WHAT TO DO
Copy out each line of the data that includes the string "Grey".

MATERIAL PROVIDED
Segment Open
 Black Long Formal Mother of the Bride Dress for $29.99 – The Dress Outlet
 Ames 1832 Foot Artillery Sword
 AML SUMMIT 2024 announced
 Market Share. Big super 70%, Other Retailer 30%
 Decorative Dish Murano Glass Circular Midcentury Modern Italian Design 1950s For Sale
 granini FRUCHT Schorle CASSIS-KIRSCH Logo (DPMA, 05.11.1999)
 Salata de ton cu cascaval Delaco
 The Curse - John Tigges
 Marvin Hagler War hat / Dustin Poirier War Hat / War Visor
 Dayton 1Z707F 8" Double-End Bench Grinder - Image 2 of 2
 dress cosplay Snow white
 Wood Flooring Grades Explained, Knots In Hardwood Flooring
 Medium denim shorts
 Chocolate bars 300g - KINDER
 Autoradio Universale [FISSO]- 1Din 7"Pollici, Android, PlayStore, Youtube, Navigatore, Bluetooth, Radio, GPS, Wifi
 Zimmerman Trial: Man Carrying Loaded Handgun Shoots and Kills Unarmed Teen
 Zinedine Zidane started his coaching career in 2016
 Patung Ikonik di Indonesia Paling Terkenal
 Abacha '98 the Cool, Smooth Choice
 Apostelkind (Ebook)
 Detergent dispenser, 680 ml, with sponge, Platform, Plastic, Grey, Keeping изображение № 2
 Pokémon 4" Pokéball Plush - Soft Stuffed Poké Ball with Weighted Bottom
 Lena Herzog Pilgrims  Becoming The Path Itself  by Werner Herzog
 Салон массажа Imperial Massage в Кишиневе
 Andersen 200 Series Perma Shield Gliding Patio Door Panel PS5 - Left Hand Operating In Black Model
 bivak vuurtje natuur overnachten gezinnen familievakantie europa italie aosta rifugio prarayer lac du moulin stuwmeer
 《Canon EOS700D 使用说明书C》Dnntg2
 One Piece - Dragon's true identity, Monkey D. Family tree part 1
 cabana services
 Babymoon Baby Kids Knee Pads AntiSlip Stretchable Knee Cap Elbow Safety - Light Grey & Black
Segment Closed
REPLY TO THE TASK
 Detergent dispenser, 680 ml, with sponge, Platform, Plastic, Grey, Keeping изображение № 2
 Babymoon Baby Kids Knee Pads AntiSlip Stretchable Knee Cap Elbow Safety - Light Grey & Black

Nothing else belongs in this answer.